Atteintes à la fortune publique: Pourquoi la procédure de vérification d`urgence fait peur

 


Cette nouvelle modalité d’intervention du Contrôle supérieur de l’Etat, qui prône célérité et souplesse de l’action, va permettre à défaut de les prévenir d’intensifier la lutte contre les atteintes à la fortune publique.


La publication de la note d’information du ministre délégué à la présidence de la République chargé du Contrôle supérieur de l’Etat (Consupe) a provoqué une levée de boucliers. Dans le camp de ceux qui vouent cette initiative aux gémonies, d’aucuns ne veulent voir à travers la mise en branle de la procédure de vérification d’urgence qu’une initiative personnelle de Henri Eyebe Ayissi. Une manière d’intimidation des dirigeants des sociétés publiques et parapubliques. Pire, pour certains, il ne s’agit ni plus ni moins que d’une imposture.

Pourtant, cette nouvelle modalité d’intervention du Consupe participe du « renforcement de la prévention des atteintes à la fortune publique au Cameroun » adopté en septembre 2014 par le Comité interministériel des programmes ministériels (Ciep), en charge de la coordination de l’action gouvernementale.
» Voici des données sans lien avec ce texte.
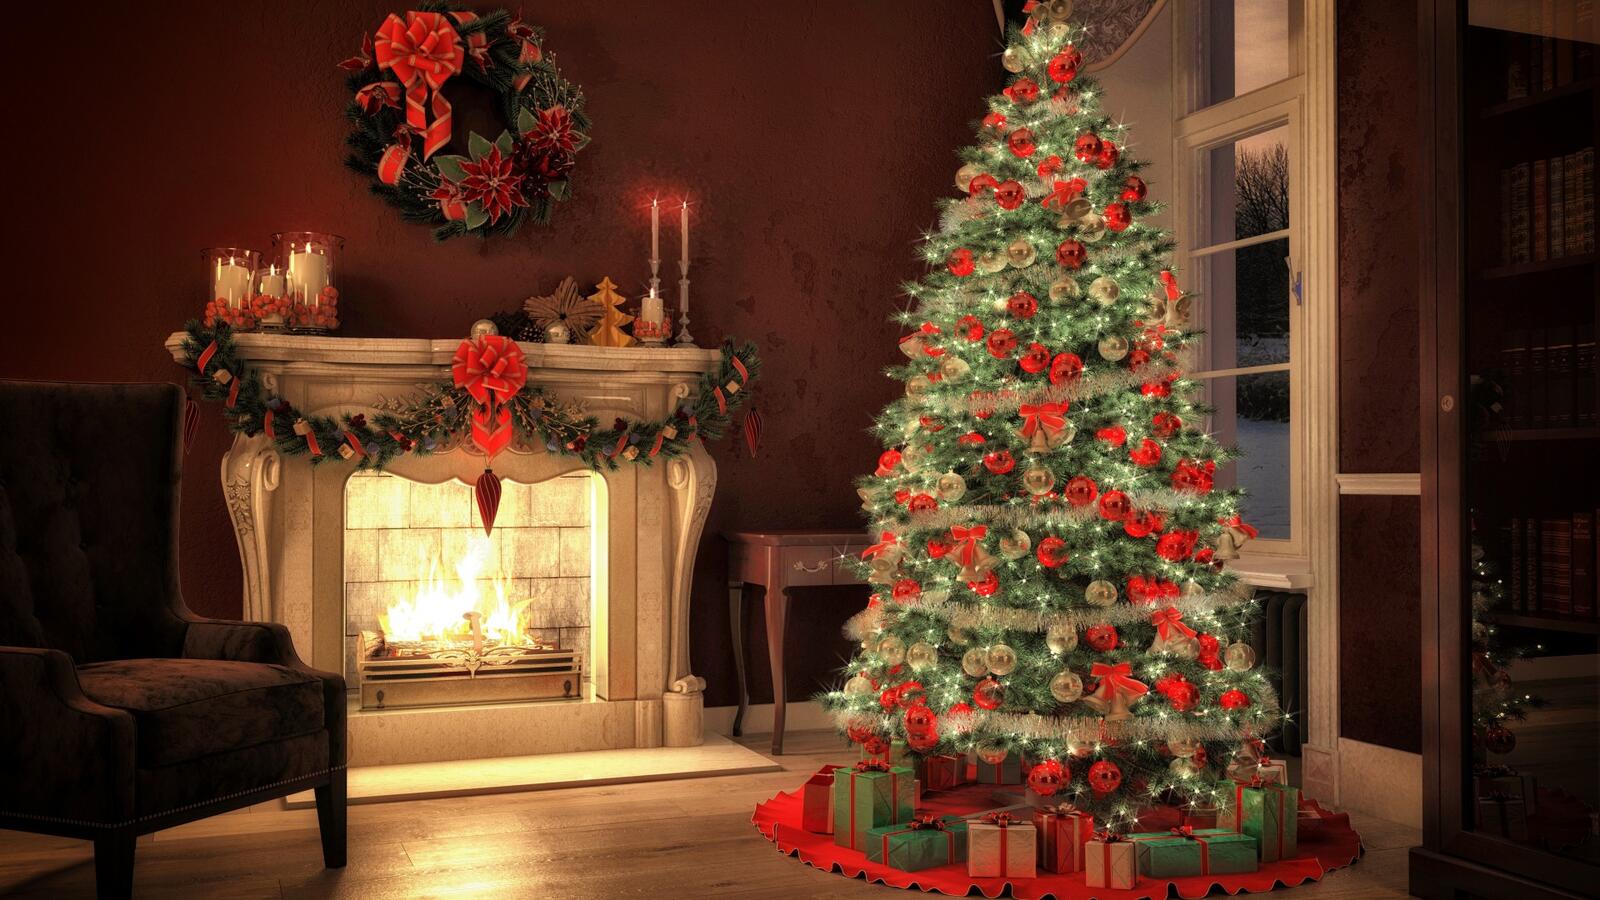 免费照片壁炉旁熠熠生辉的圣诞树

De plus, ce processus traduit la matérialisation d’une recommandation des états généraux sur les atteintes à la fortune publique organisés par



le Consupe en 2012.


La procédure de vérification d’urgence apparait donc comme une mesure salutaire pour la fortune publique. Surtout quand on se rappelle que, dans l’accomplissement de ses missions, le Consupe se déploie à travers des missions spéciales prescrites par le président de la République ou des missions classiques prévues par un programme annuel validé par ce dernier qui requièrent beaucoup de moyens. Conséquence : beaucoup de structures échappent pendant de longues années aux missions de vérification du Consupe.
Pour plus de célérité et d’efficacité de l’action, la procédure de vérification d’urgence, dont la mise en œuvre est prévue cette année, et qui tire sa légalité et sa légitimité du décret présidentiel du 4 septembre 2013 lui assignant « la mission permanente de procéder à la centralisation, à l’exploitation et au recoupement des informations et dénonciations relatives aux actes portant atteinte à la fortune publique et, le cas échéant, à des investigations en matière de détection des actes frauduleux », se veut souple dans ses modes opératoires.

Le Consupe entend ainsi exercer cette attribution soit en demandant aux responsables des structures visées de mettre à disposition un ‘’compte d’emploi de l’utilisation des ressources financières et matérielles’’ mobilisées dans le cadre d’une opération donnée ou d’une dotation financière spécifique qu’il se chargera d’éplucher.

Le Consupe aura aussi le loisir de procéder au contrôle en exigeant « la production et la transmission, dans des délais prescrits, d’un ‘’rapport ad hoc et circonstancié’’ portant sur certains actes de gestion identifiés ou sur des comportements dénoncés et jugés problématiques, douteux, voire potentiellement préjudiciables aux intérêts publics dans le cadre de l’utilisation d’un projet d’investissement public ou à financement public et/ou extérieur ».

Enfin, le Consupe pourra exiger« la production et la transmission, par une correspondance spécifique, des ‘’éléments d’information pertinents et suffisants’’ devant permettre de faire le point sur certaines situations signalées dans les lettres reçus ou sur la substance et la portée de certains documents de gestion parvenus au Contrôle supérieur de l’Etat ».
Autant dire que la procédure de vérification d’urgence, qui ne perd pas de vue que « le recoupement prescrit par les textes constitue implicitement mais nécessairement une invite à la circonspection, à l’objectivité et à la rigueur, bref au professionnalisme dans le traitement des informations », va alléger le contrôle, l’étendre à un plus grand nombre de structures concernées et fatalement, à défaut de les prévenir, permettre d’intensifier la lutte contre les atteintes à la fortune publique.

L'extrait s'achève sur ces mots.